Dataset excerpts:
+ + + + +
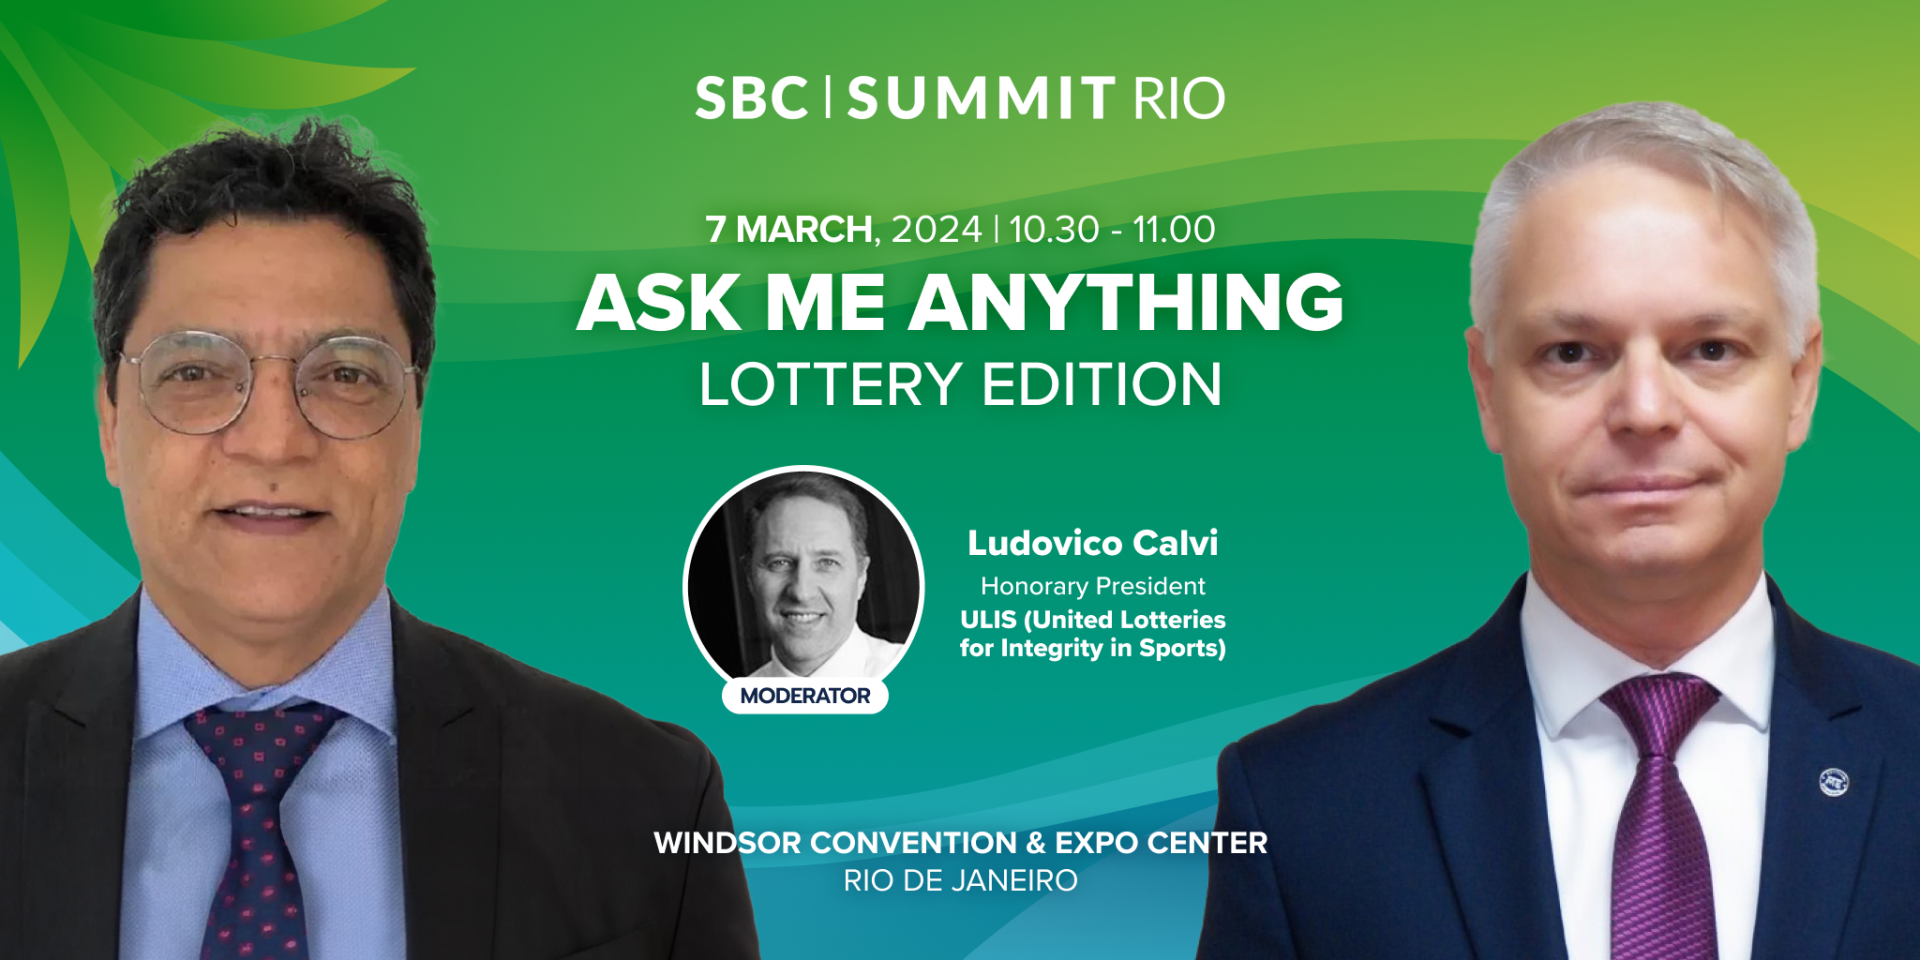 Leadership Duo with Expertise in Brazil to Open SBC Summit Rio
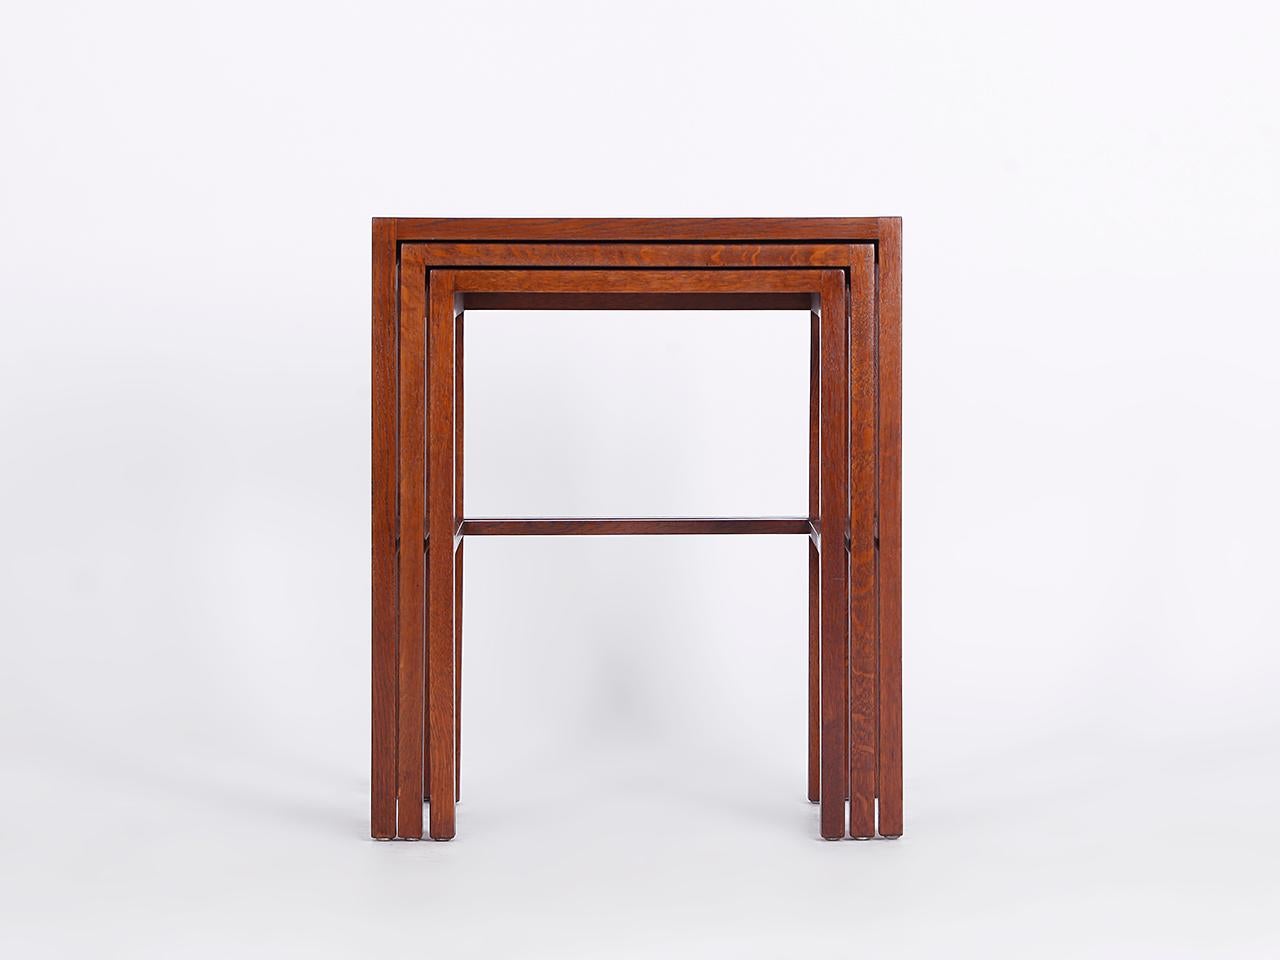 A set of three nesting tables, model no. 50, designed by Jindrich Halabala for UP Zavody, Brno in the 1930s. Dark stained and laquered beech, dark brown Bakelite tops measures: 
Measures: height: 65, 62, 60 cm
width: 55, 49, 43cm
depth: 40, 38,
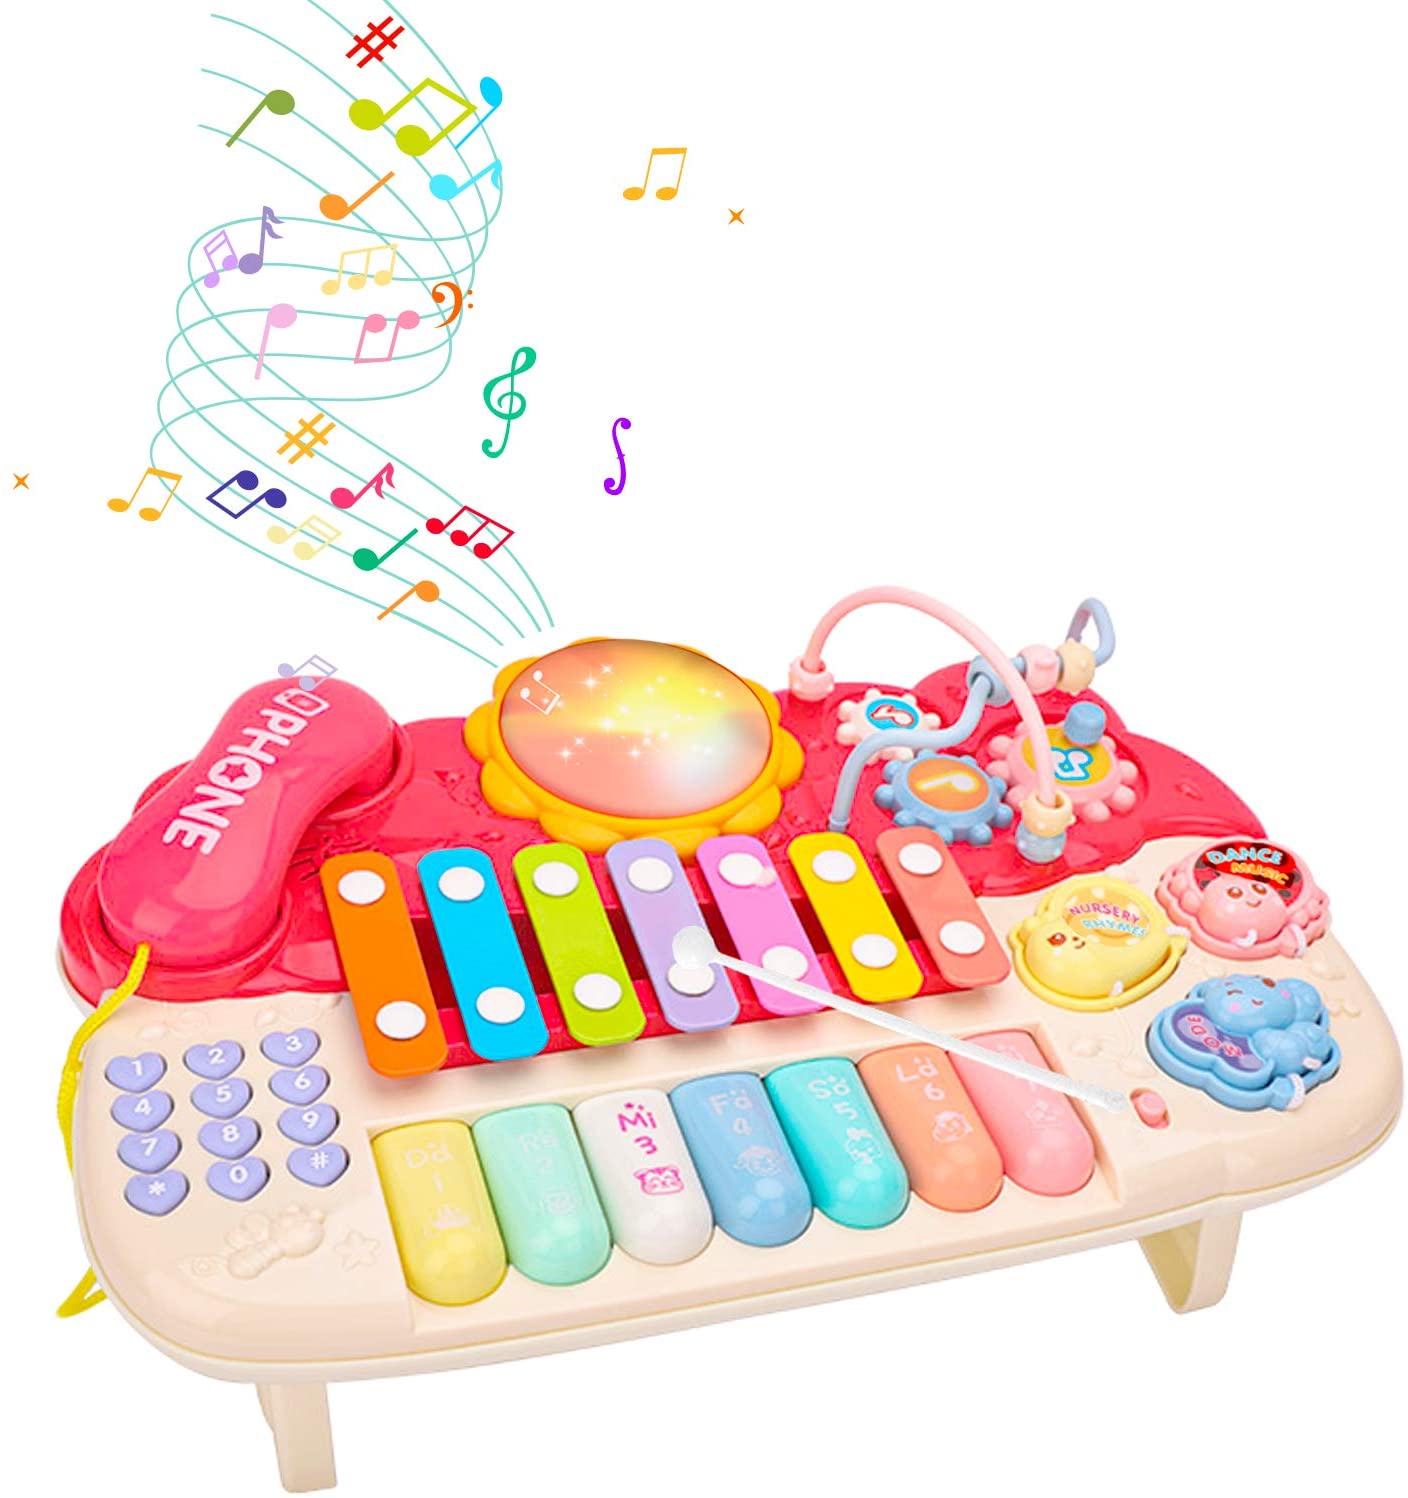 18 Years Factory Wooden Mechanical Toys - Arkmiido Baby Musical Toys – Drum Toy Set with Phone Bead Maze Gear Xylophone Piano – Mucial Toys for Toddlers Learning Toys for 18+ Boys Girl...
+ + + + +
All the lines above must be written out exactly, without a single picture.

 Leadership Duo with Expertise in Brazil to Open SBC Summit Rio
 A set of three nesting tables, model no. 50, designed by Jindrich Halabala for UP Zavody, Brno in the 1930s. Dark stained and laquered beech, dark brown Bakelite tops measures: 
Measures: height: 65, 62, 60 cm
width: 55, 49, 43cm
depth: 40, 38,
 18 Years Factory Wooden Mechanical Toys - Arkmiido Baby Musical Toys – Drum Toy Set with Phone Bead Maze Gear Xylophone Piano – Mucial Toys for Toddlers Learning Toys for 18+ Boys Girl...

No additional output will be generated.